Рай молчал, опустив голову, а потом отрешенно сказал:
– Мне нужно сейчас идти. Закрой за мной двери и никого не впускай в дом ночью, даже ту женщину. И не жди меня, ложись спать, я вернусь поздно.
Он взял ключ от входной двери и скрылся в темноте, а я почти до утра просидела на заправленной кровати, обнимала колени, прижатые к груди, и плакала, пытаясь поверить и примириться с его невероятной историей, с таким потрясающим прошлым. Смогу ли я стать частью его судьбы…
Я сейчас так хотела, чтобы Рай остался рядом, чтобы он гладил меня по волосам и шептал что-то доброе. Пусть бы теперь он говорил, я тоже умею слушать. А он ушел в ночной лес. А ведь там темно и опасно. Там водятся змеи. Там рыщет меж сосен человек-змея.
* * *
Бесшумной легкой походкой Рай стремительно двигался в сторону, откуда прозвучал выстрел. Он не успел еще добраться до озера, как издали заметил бредущую навстречу сгорбившуюся женскую фигуру. В том, что это была именно женщина, Рай не сомневался – за много шагов ее выдавал тонкий пряный запах духов.
– Что ты делала ночью в лесу?
– Воздухом свежим дышала. Видишь, какая бодрая и полная сил?
Держась за щеку, Лиля продолжала хромать и вдруг тяжело ухватилась за плечо Рая, наваливаясь на него всем телом.
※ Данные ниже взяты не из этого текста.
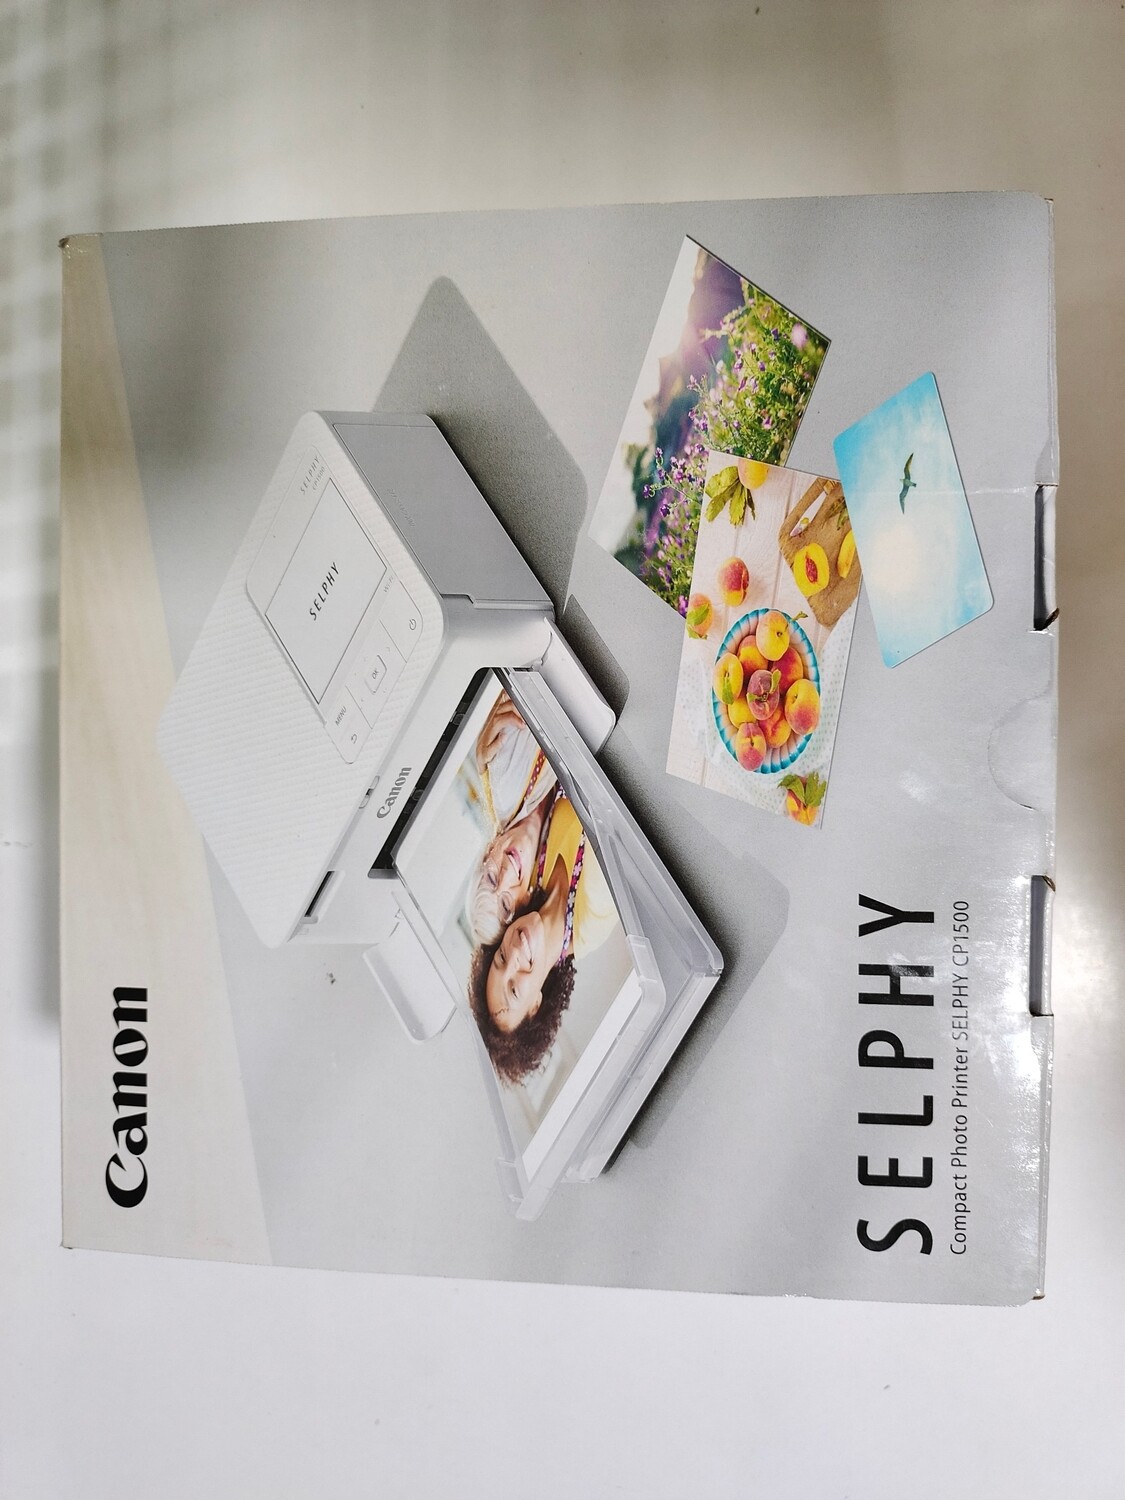 Canon SELPHY CP1500 Wireless Compact Photo Printer

Он успел поддержать ее и глухо спросил:
– Кто тебя ударил?
– Не разглядела впотьмах. Завтра наряд полиции разберется.
Рай издал возмущенный возглас, и Лиля крепче прижалась к нему, будто ища защиты. Исходящий от нее запах возбуждения, досады и гнева остро щекотал ноздри.
– Тебе нужен врач?
– Нет, просто помоги добраться до комнаты, меня ноги не держат. Не бросай, пожалуйста, помоги!
– Где он сейчас? Я найду и заставлю ответить!
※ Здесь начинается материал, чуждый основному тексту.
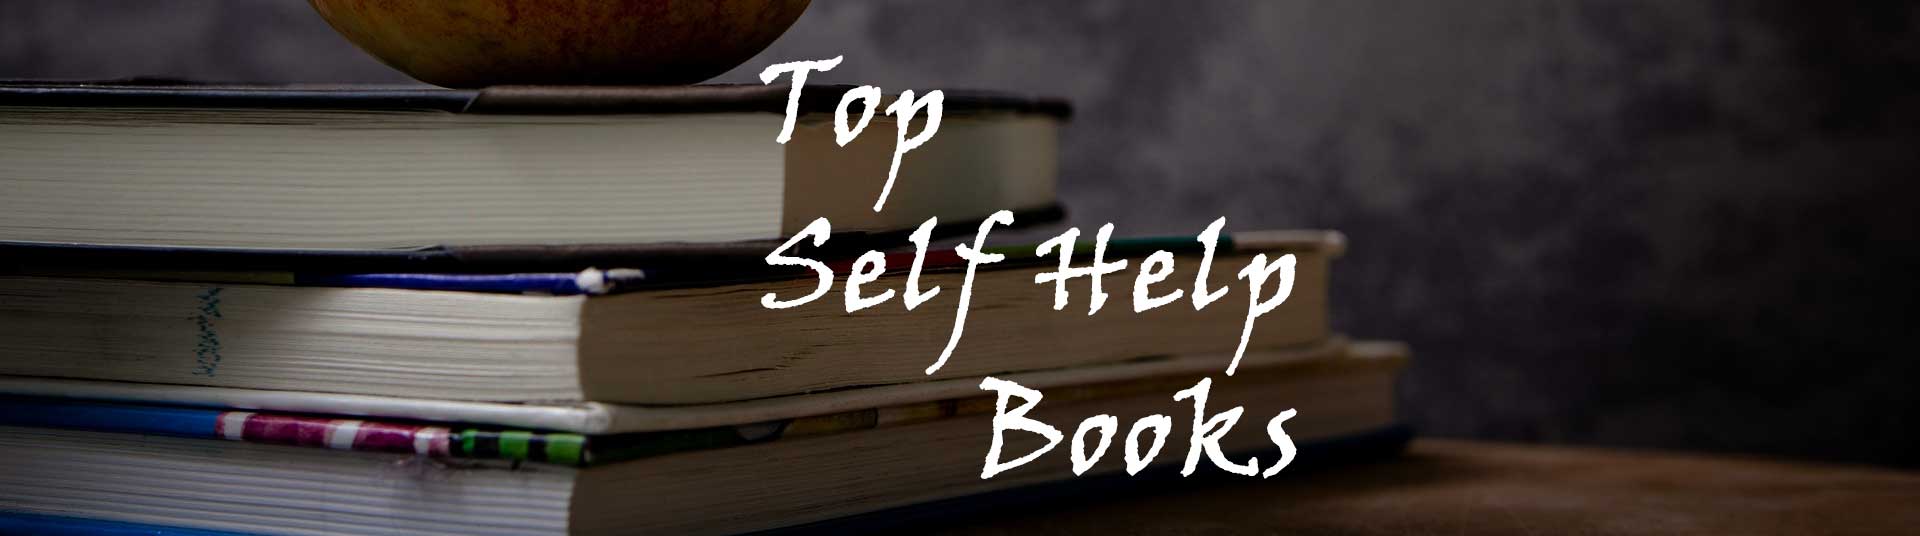 Top Self Help Books

– Нет, миленький, нет – это все потом, я ребят вызову с поста, они его заберут. Он же больной… смертельно больной человек. Я его чуть-чуть пожалела, может, зачтется, меня с детства тянет к яме, но тебе не понять. А сейчас нужно лечь… Я сама не дойду, только держи меня крепче.
Рай довел ее до главного корпуса и, переступив порог, замер в нерешительности, но Лиля и не думала его отпускать.
– Спасибо, мой хороший! Посиди пока тут, я умоюсь, а потом выйду к тебе.
– Мне нужно к Еве вернуться. Ты способна и сама о себе позаботиться.
– Да, конечно, конечно, тебе надо к девочке идти, я понимаю. Она молоденькая, красивая, а я уже не нужна никому – старуха. И все видят только мое тело, а что творится в моей душе, вот здесь, прямо в груди… Смотри!
Она дернула трикотажную кофточку, полетели на пол пуговицы и Рай увидел полную белую грудь, высоко поднятую черным кружевным бюстье с алыми ленточками, что змеились вокруг соблазнительных чашечек.
Рай отчетливо понимал, что следует запретить себе смотреть на тугое ладное тело, призывно выглядывающее из-под ажурных кружев, но Лиля не сдерживала эмоций:
– Пожалей меня, ну хотя разочек приласкай! Я ведь совсем одна, несколько лет в детском доме росла. Меня никто не любил по-настоящему. А ведь я не глупая, не ленивая – майорского звания честно добилась и не через постель.
– Все самое ценное своим трудом достается, – рассеянно заметил Рай, отступая к двери.
– Нет, подожди-подожди. Я тебе откроюсь, меня в пятнадцать лет изнасиловали, никогда не смогу им простить… всем вам не смогу простить, но ты-то другой… Я вижу, ты тоже страдаешь. Думаешь, тебя никто не полюбит из-за звериной сути, и ты прав. Эта дурочка испугается, когда все узнает, она не примет тебя.